19. The apparatus of claim 13 further comprising: a processor; a
memory; and wherein the processor and memory comprise circuits and
software for performing the instructions on the storage medium.
Description
NOTICE OF COPYRIGHTS AND TRADE DRESS
[0001] A portion of the disclosure of this patent document contains
material which is subject to copyright protection. This patent
document may show and/or describe matter which is or may become
trade dress of the owner. The copyright and trade dress owner has
no objection to the facsimile reproduction by anyone of the patent
disclosure as it appears in the Patent and Trademark Office patent
files or records, but otherwise reserves all copyright and trade
dress rights whatsoever.
BACKGROUND
[0002] 1. Field
[0003] This disclosure relates to zone based scanning and optical
character recognition for metadata acquisition.
[0004] 2. Description of the Related Art
[0005] A multifunction peripheral (MFP) is a type of document
processing device which is an integrated device providing at least
two document processing functions, such as print, copy, scan, and
fax. In a document processing function, an input document
(electronic or physical) is used to automatically produce a new
output document (electronic or physical).
[0006] Documents may be physically or logically divided into pages.
A physical document is paper or other physical media bearing
information which is readable by the typical unaided human eye.

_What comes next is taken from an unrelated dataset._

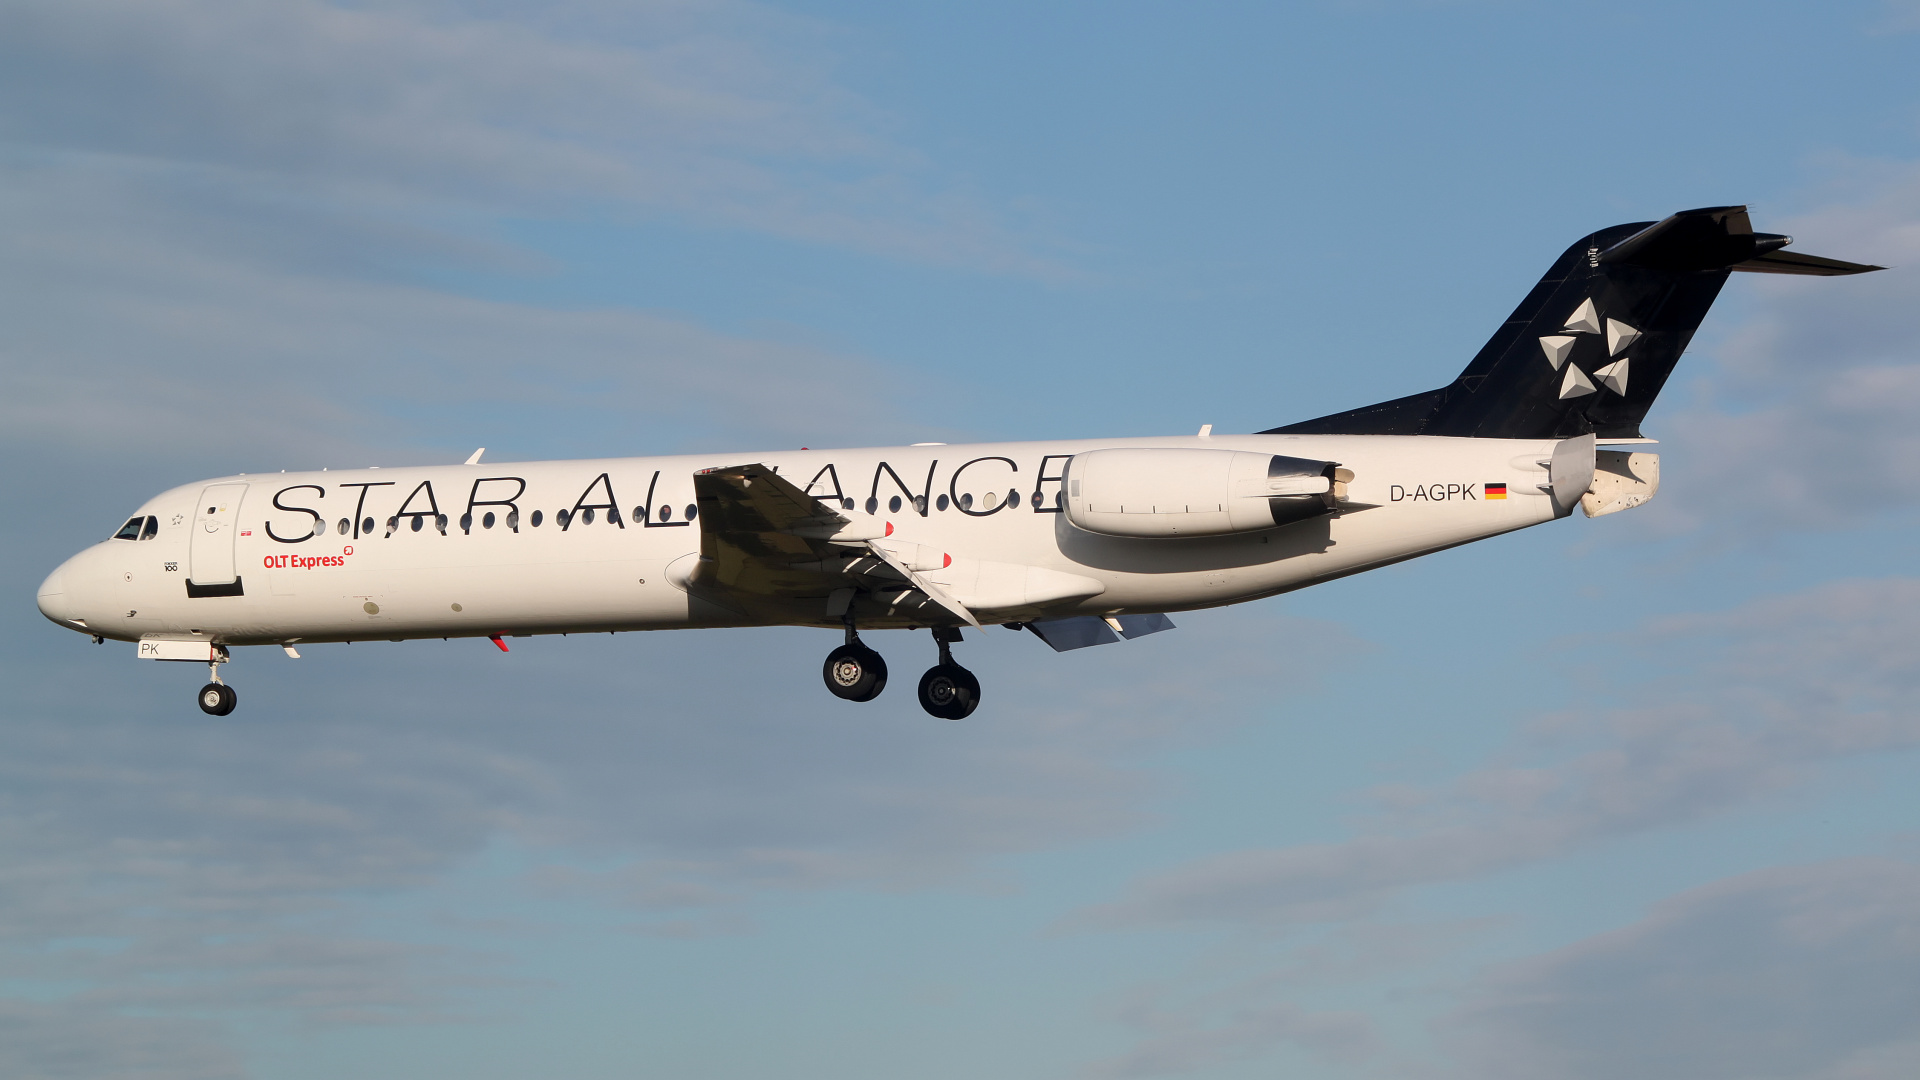 D-AGPK, OLT Express (Star Alliance livery) (Aircraft » EPWA Spotting » Fokker 100)
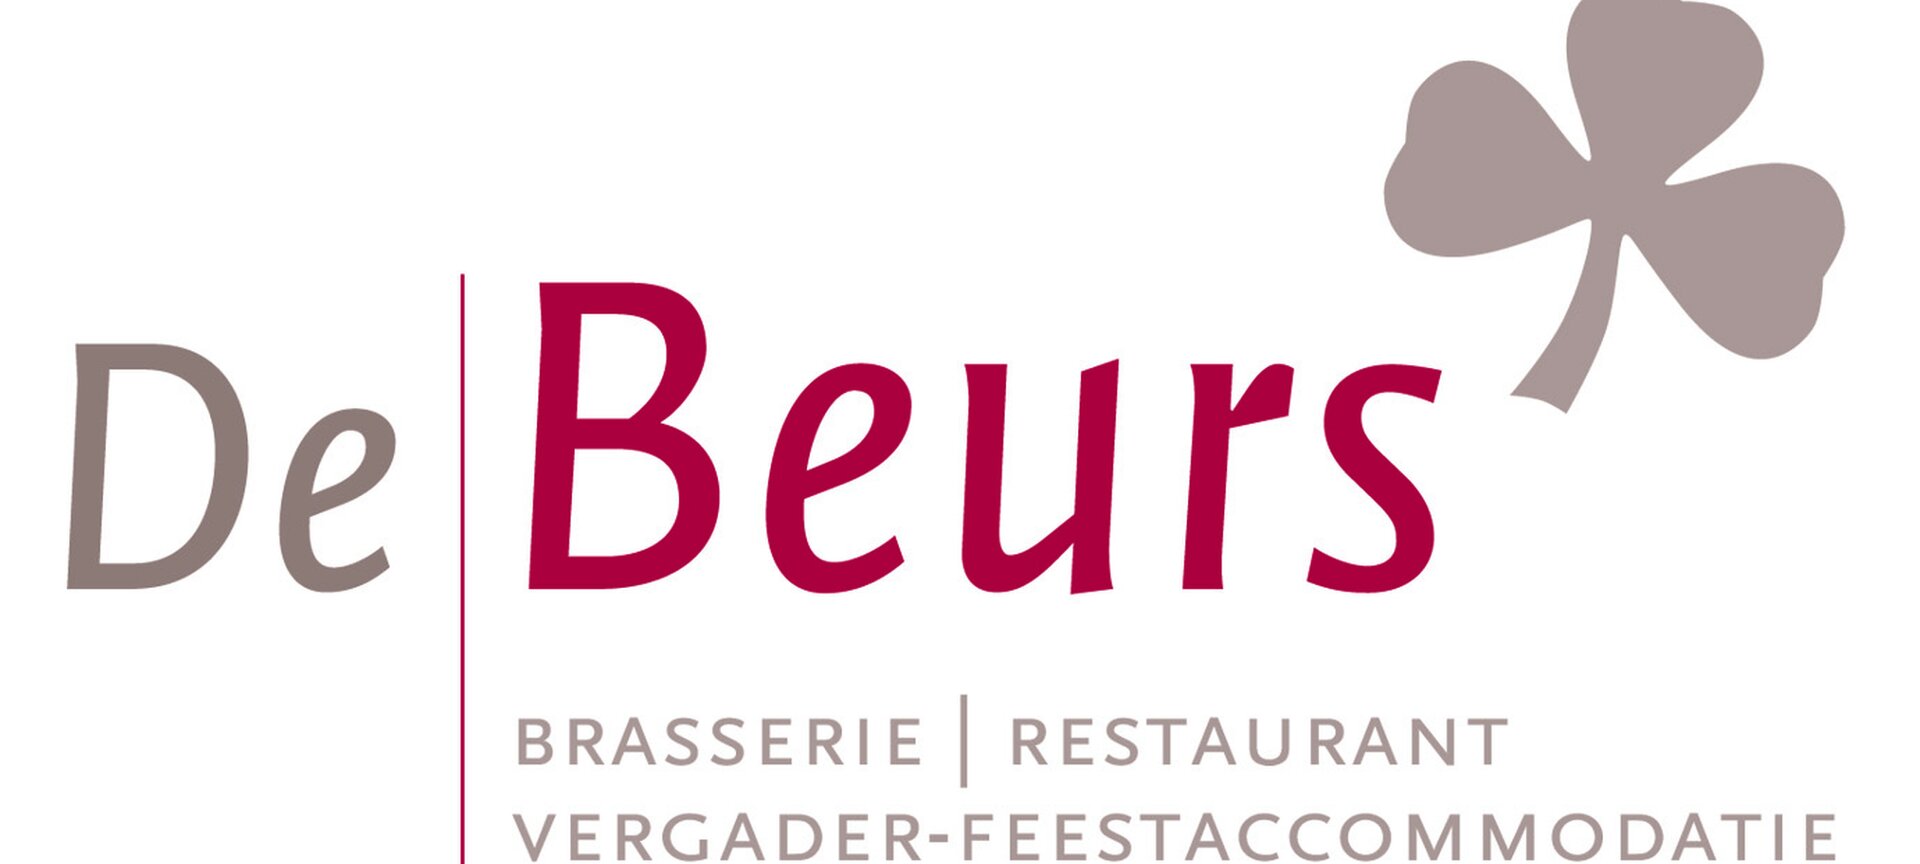 De Beurs - Brasserie - Restaurant - Logo

An
electronic document is any electronic media content (other than a
computer program or a system file) that is intended to be used in
either an electronic form or as printed output. Electronic
documents may consist of a single data file, or an associated
collection of data files which together are a unitary whole.
Electronic documents will be referred to further herein as a
document, unless the context requires some discussion of physical
documents which will be referred to by that name specifically.
[0007] In printing, the MFP automatically produces a physical
document from an electronic document. In copying, the MFP
automatically produces a physical document from another physical
document. In scanning, the MFP automatically produces an electronic
document from a physical document. In faxing, the MFP automatically
transmits via fax an electronic document from an input physical
document which the MFP has also scanned or from an input electronic
document which the MFP has converted to a fax format.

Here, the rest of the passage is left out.